*** Input

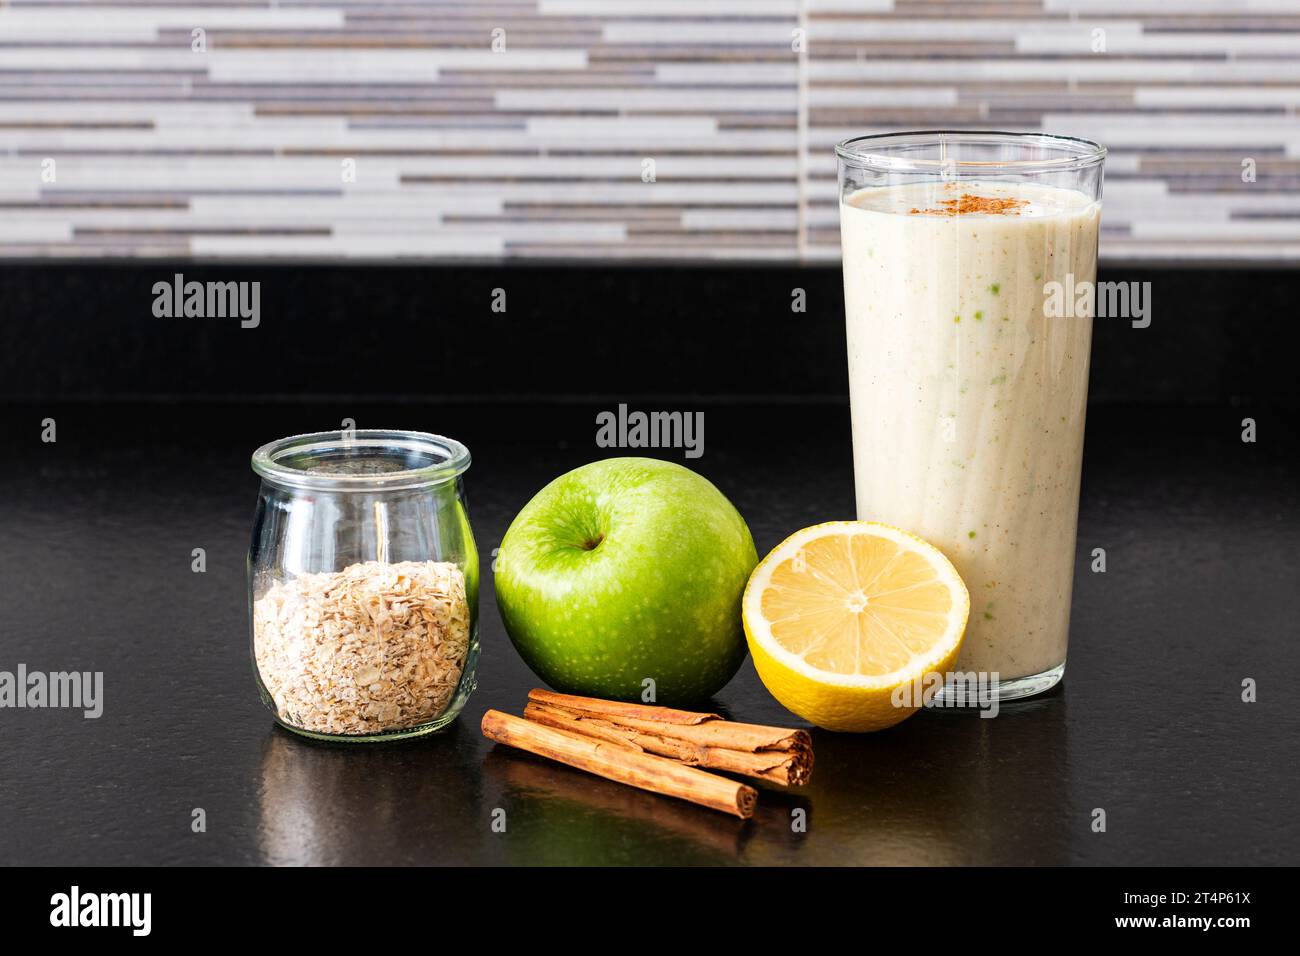 Un verre avec un smoothie maison à côté d'un demi citron, une pomme verte, un pot en verre avec des flocons d'avoine et deux bâtons de cannelle sur un banc de cuisine noir. Banque D'Images
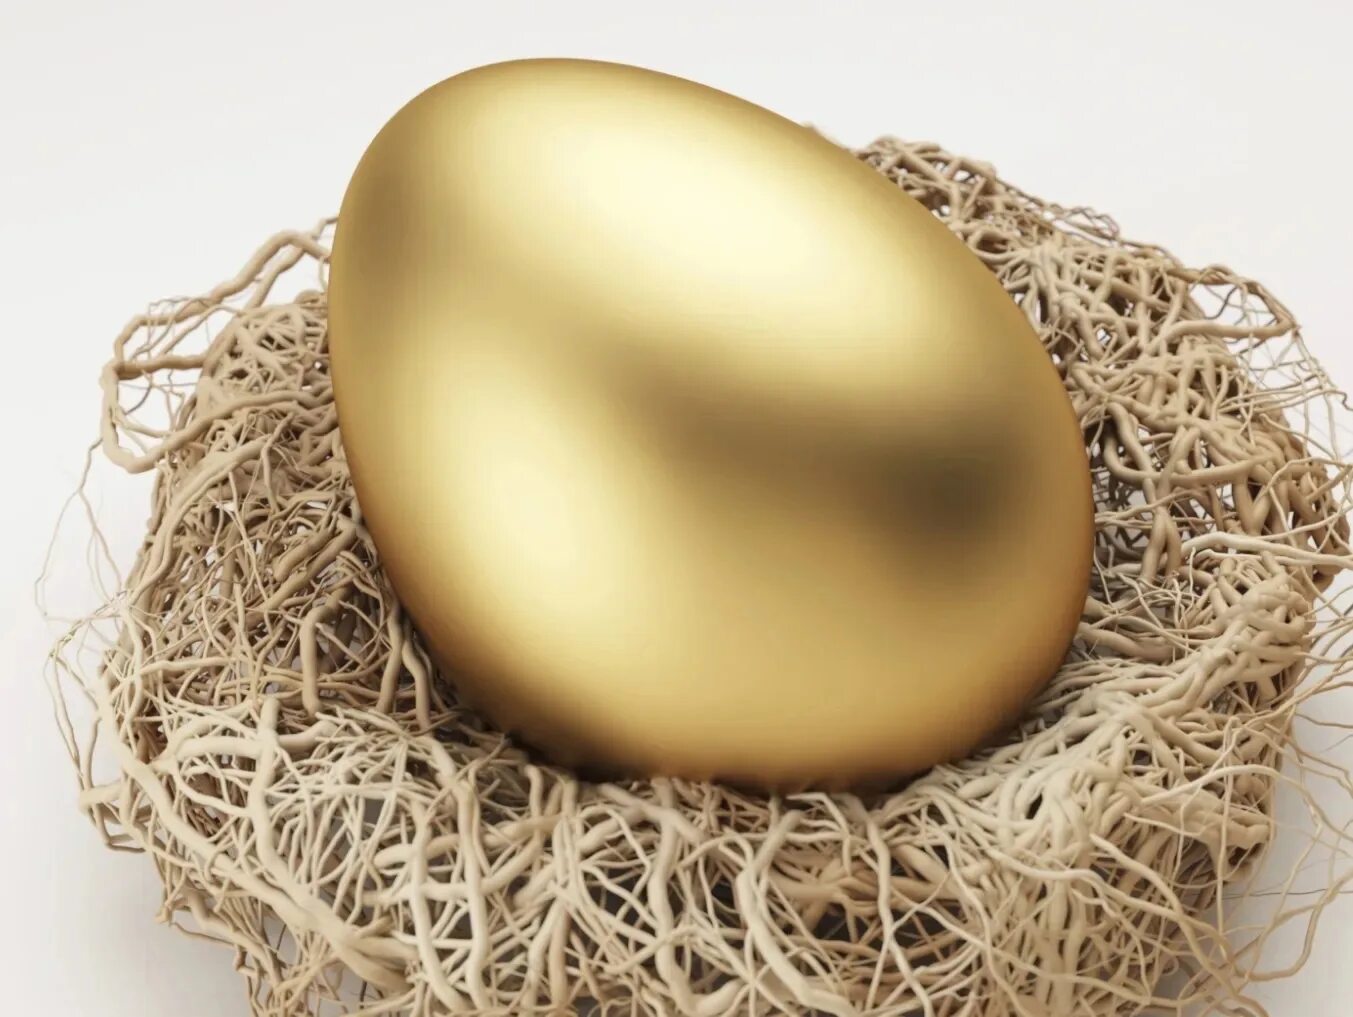 Золотое яйцо курочки Рябы. Золотое яйцо из сказки Курочка Ряба. Золотое яйцо из курочки Рябы. Сказка Курочка Ряба золотое яйцо. Золотое яйцо питалось кровью
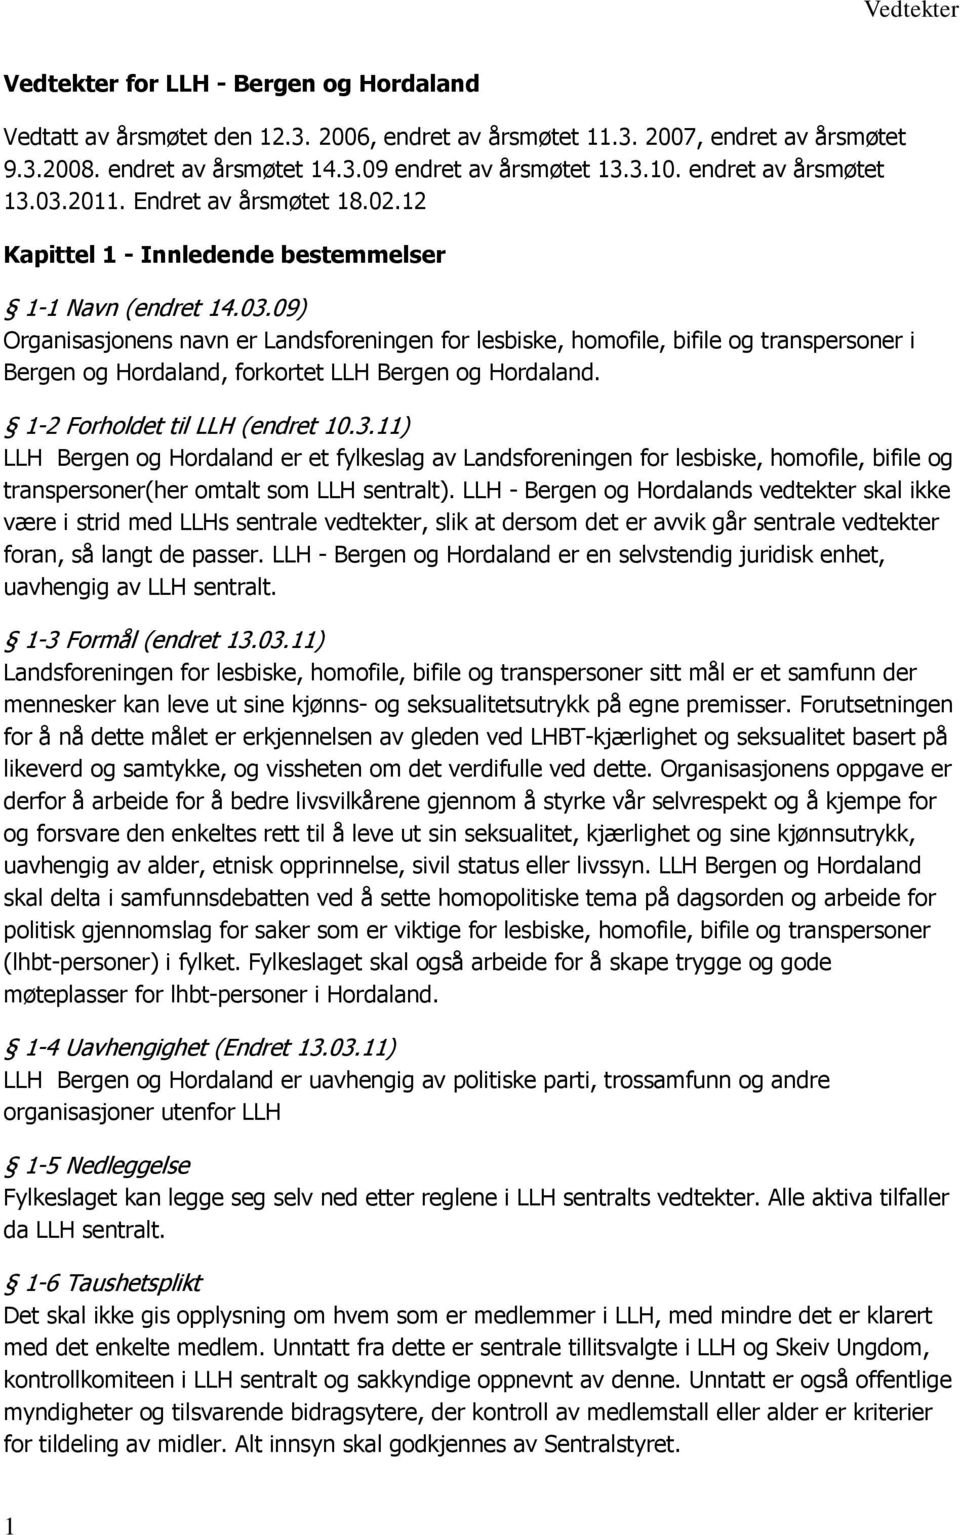 1-2 Forholdet til LLH (endret 10.3.11) LLH Bergen og Hordaland er et fylkeslag av Landsforeningen for lesbiske, homofile, bifile og transpersoner(her omtalt som LLH sentralt).
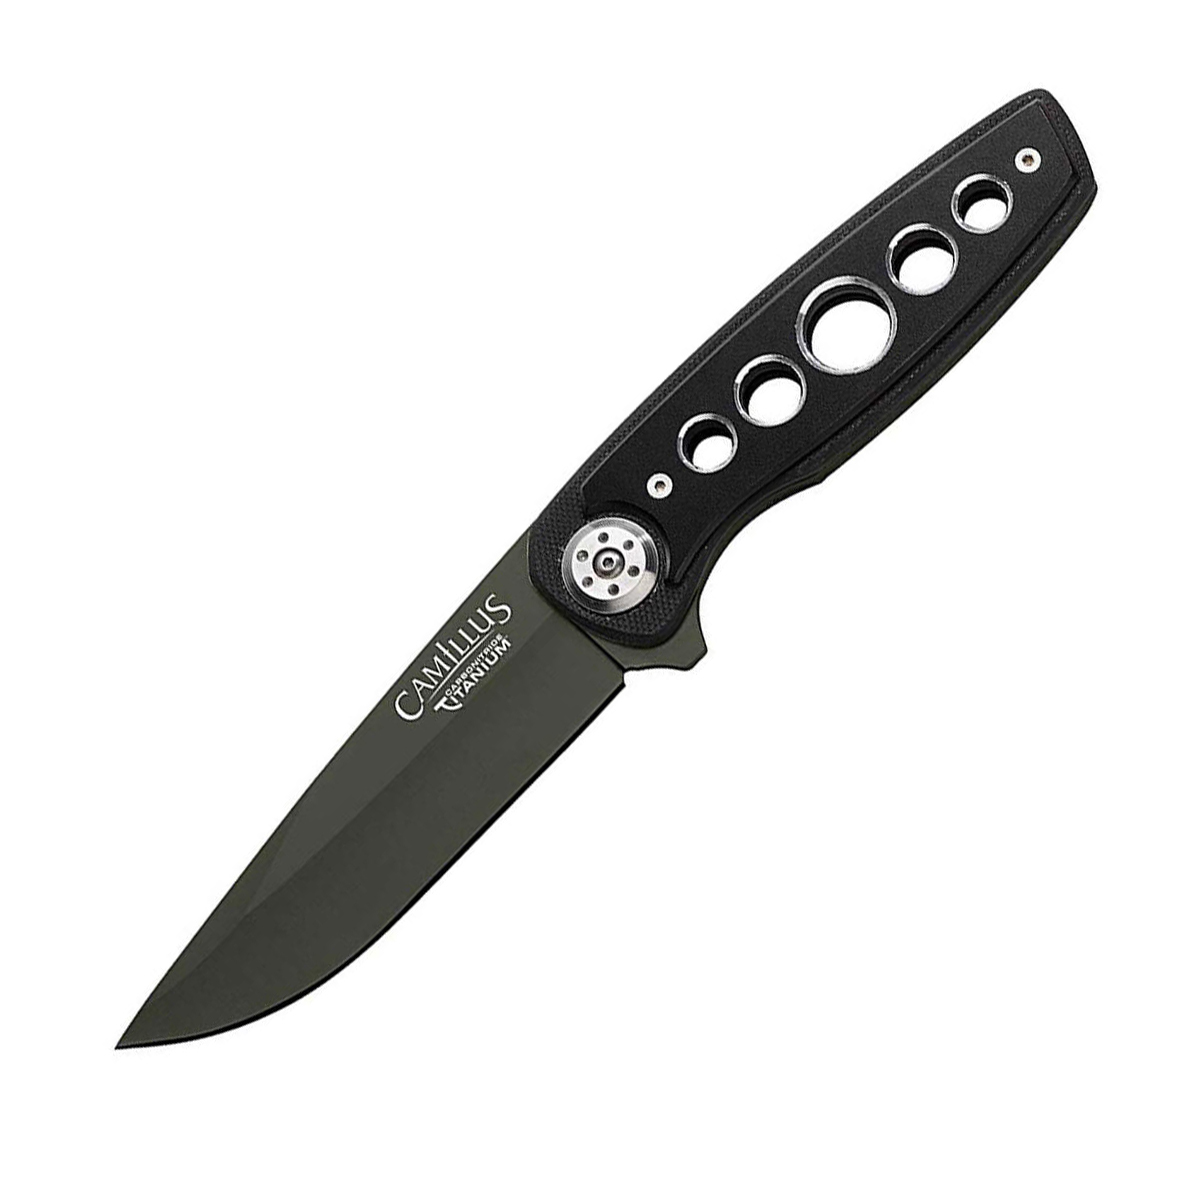 Нож с фиксированным клинком Camillus EDC, сталь AUS-8, рукоять термопластик GRN, чёрный
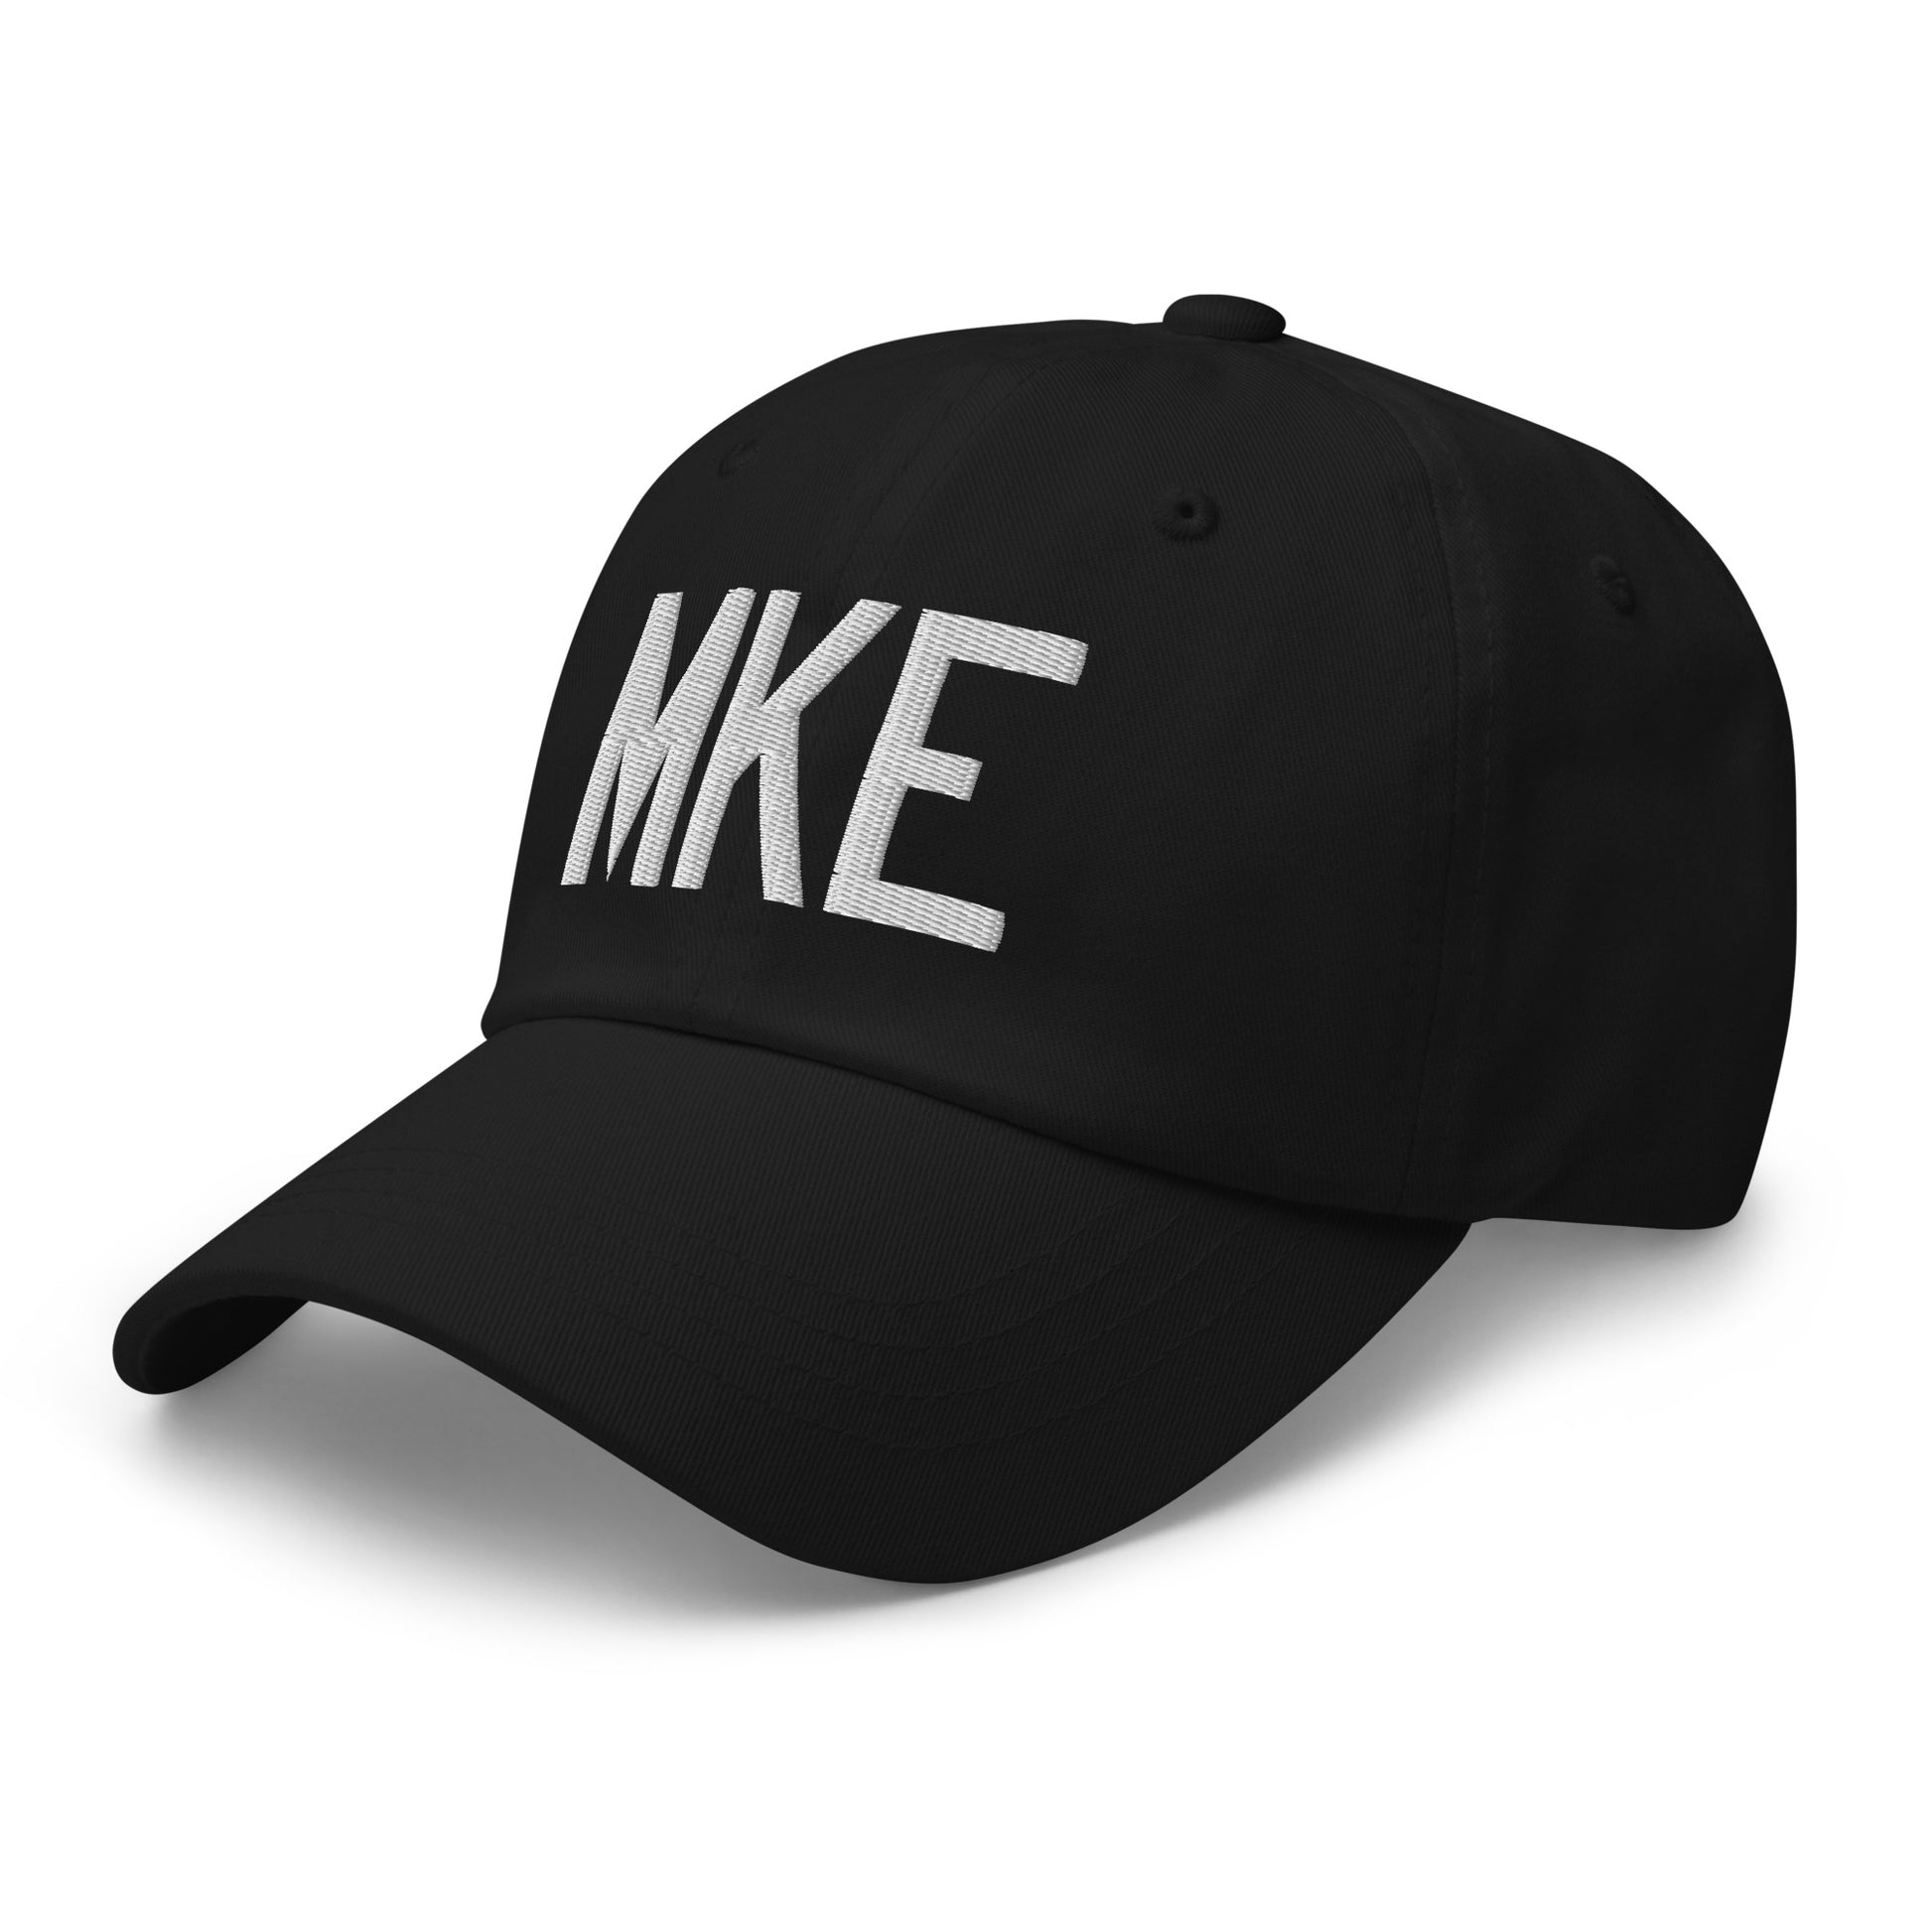 Airport Code Baseball Cap - White • MKE Milwaukee • YHM Designs - Image 01

******

■ Problem to work on:
Give again, word for word, the lines above from the first one through the one containing "Золотое яйцо курочки"; no pictures.

■ Task output:
 Un verre avec un smoothie maison à côté d'un demi citron, une pomme verte, un pot en verre avec des flocons d'avoine et deux bâtons de cannelle sur un banc de cuisine noir. Banque D'Images
 Золотое яйцо курочки Рябы. Золотое яйцо из сказки Курочка Ряба. Золотое яйцо из курочки Рябы. Сказка Курочка Ряба золотое яйцо. Золотое яйцо питалось кровью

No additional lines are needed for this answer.